That’s the the point though: Zoom doesn’t “work well” if you include basic security as a required part of “working.”

Zoom using ECB mode for encryption, and transmitting keys to China says everything. They just don’t care about security at all.

Everyone in the banking industry I work with has blocked or banned Zoom for longer than COVID-19 has been around. Microsoft Teams seems to be the new Default choice, if only because everyone is using office365 already and anything is better than WebEx.
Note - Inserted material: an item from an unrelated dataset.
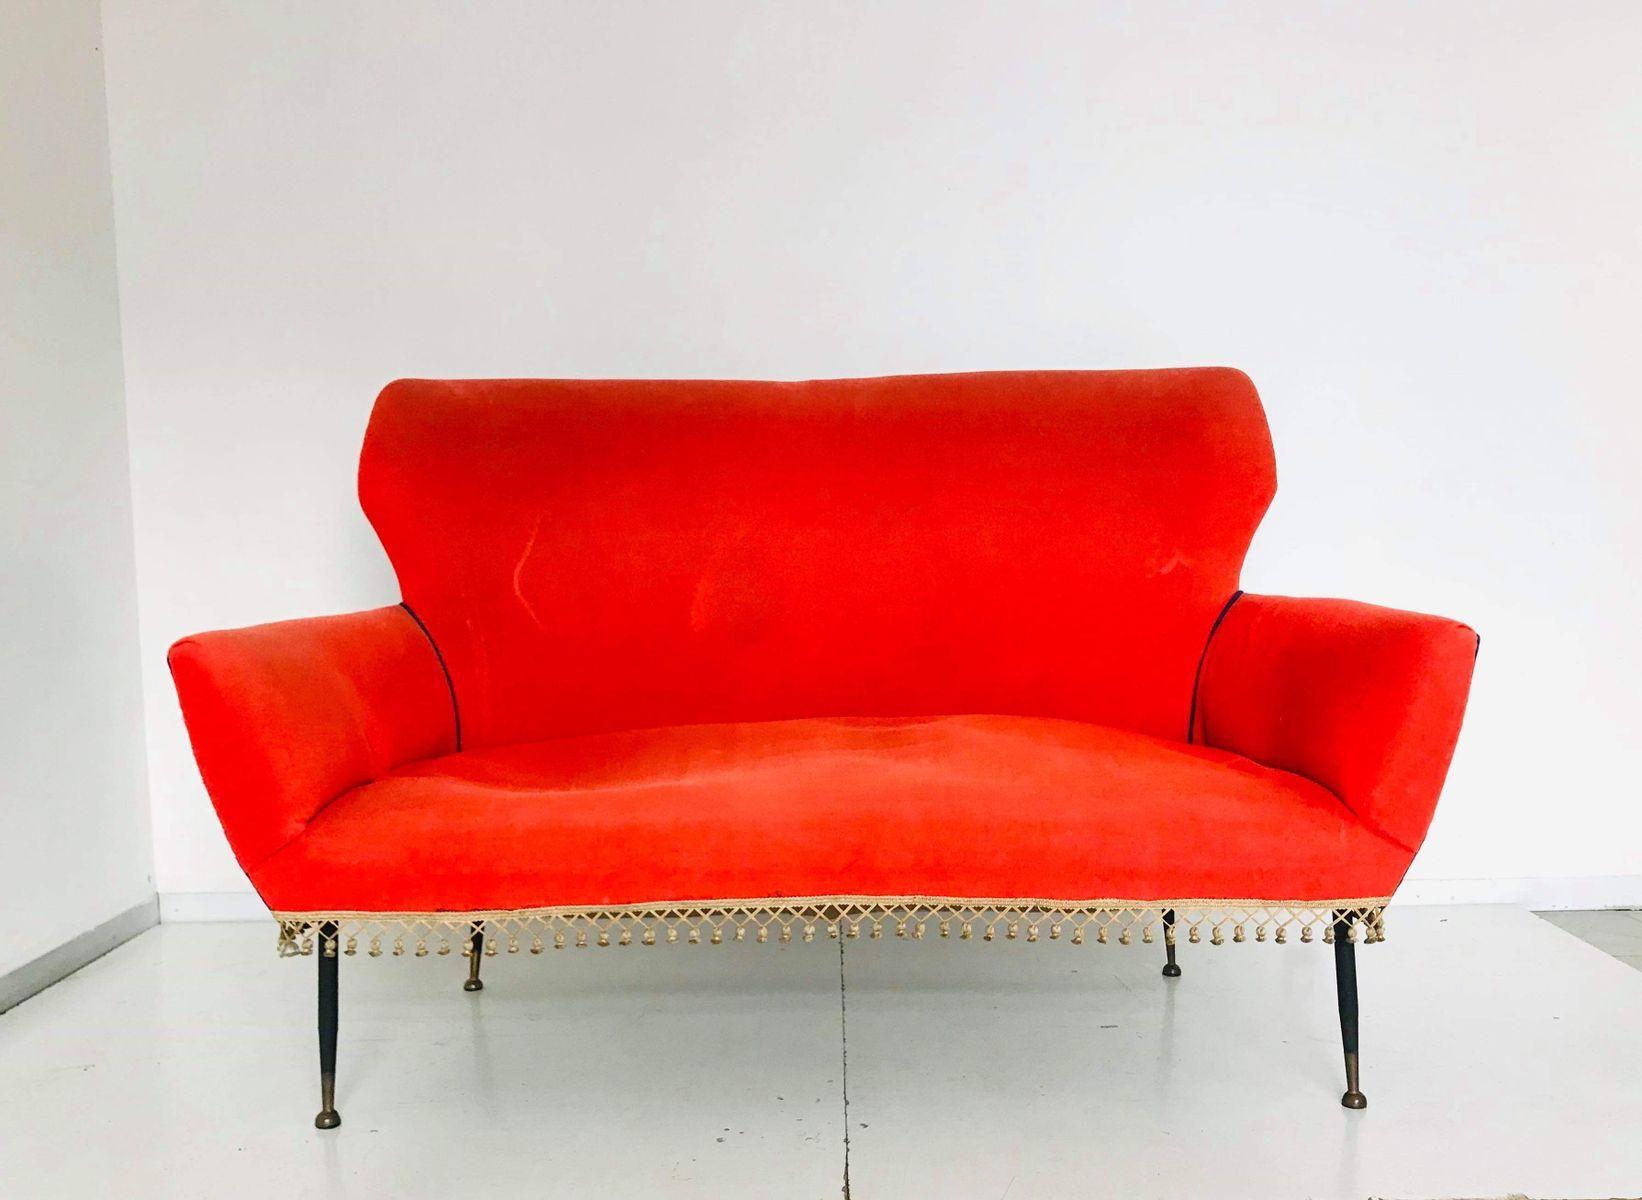 Klippan Sofa Leder Rot Schoner Wohnen Sofa Grau Design Sofa Cushion Covers Sofas Designer Schlafsofa Fede Schlafsofa Federkern Sofa Leder 2 Sitzer Sofa
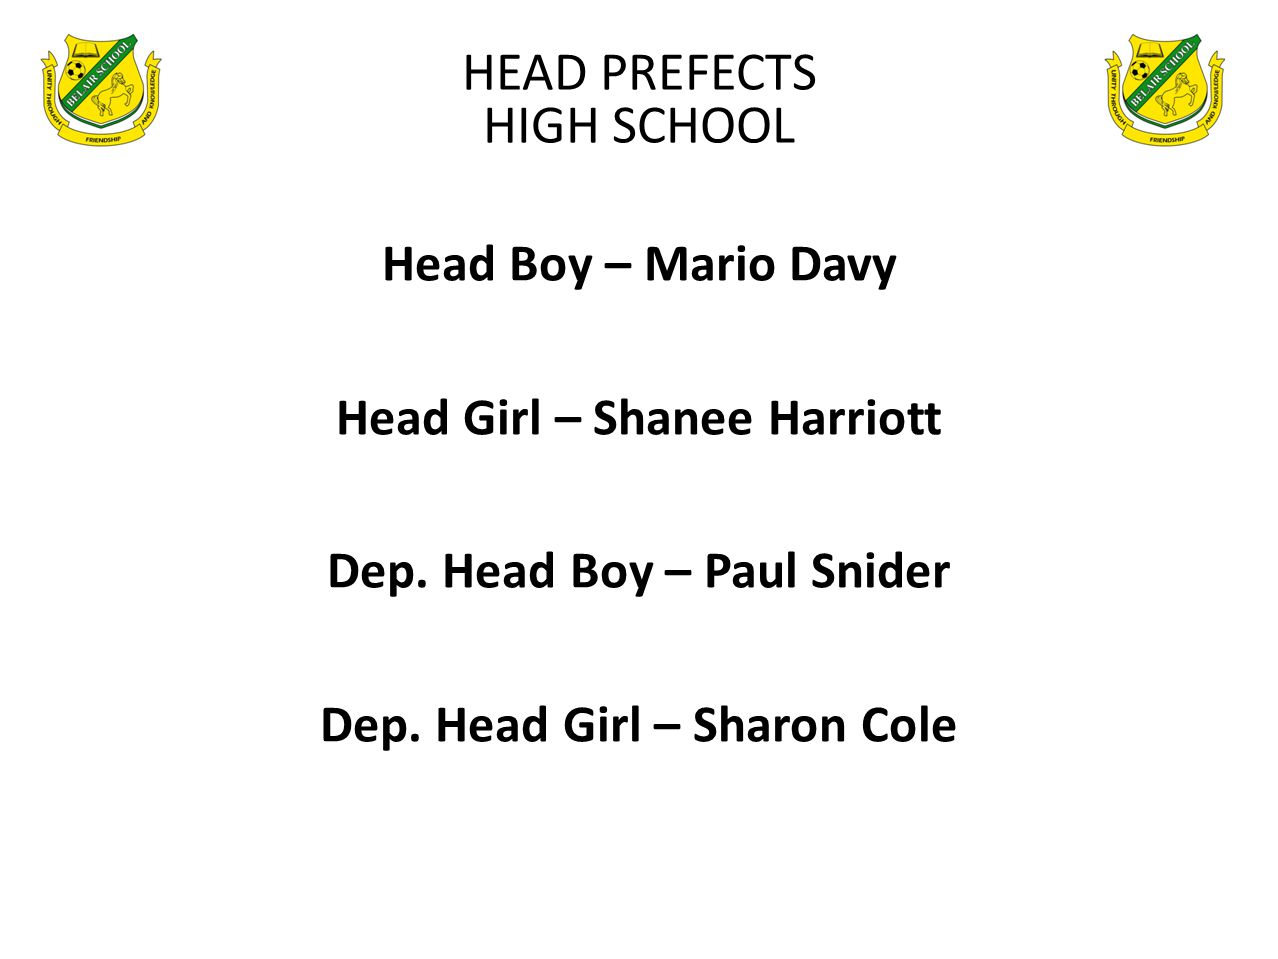 HEAD PREFECTS HIGH SCHOOL

I also think, it doesn't work well for conferencing... Last/First time we used it, the annotation tool just stopped updating, colleague was drawing and I was: "I don't see anything" (and then everyone: yeah me too). Also I'm wondering, why it send the "foreign" screen in fusll res (WQHD), but at a measly 4 fps with crappy compression...

After this my personal impression is that it is just an obtrusive piece od adware, which happens to behave like a rootkit in some parts...

Yea, super concerned about China watching my kids math call.

Yawn.

“Everyone in the banking industry has blocked Zoom” was my qualifier.

The U.K. even held a cabinet meeting over Zoom.

There’s a lot more than schoolwork taking place on Zoom unfortunately.

I’m on Zoom a gajillion times over 5 years and I’ve not once experienced a zoombomb. I have experienced Google Hangouts bombs.

The incidence is of course going way up, but it really is overblown on the quantity. The biggest issue are those that post links on twitter or some place public (same issue for Hangouts).

And let's also be clear that the incidence rate is going up because 1) the popularity of Zoom and 2) because there's a lot of people home going stir crazy.

Saying Zoom has a bombing issue feels like saying Linux doesn't get viruses.

How often do zoom bombs occur. Once every million calls?
I believe zoom defaulted to passwords in the past, and a lot of companies just updated their settings to turn it off. Not sure what the state is now since we switched to Teams.
> It's incredibly straightforward to prevent zoombombing, you simply set a password on your room

The password is the same for everyone. Are you seriously saying that kids won't share the link/password online themselves as pranks? This reduces the risk from "anyone can join" to "anyone with password can join". The waiting rooms helped at least, but the passwords reduce, not stop, zoombombing.

Isn't that a problem with any video conferencing service then, if the credentials to enter are shared by participants?
Google meet used with gsuite will by default prevent anyone from outside the company domain to join the meeting (unless explicitly invited) for example. I've joined some webinars where the password was per-user, (so you can kick/ban that one user) but can't remember the service.

But yes, that was my point - shared passwords don't prevent conference-bombing on any service.

So will Zoom, on a corporate account.
> I would be surprised if Zoom hadn't made this the default by Monday.

Zoom already announced that the password option will be set by default starting tomorrow.

How do you know what teachers do in this case?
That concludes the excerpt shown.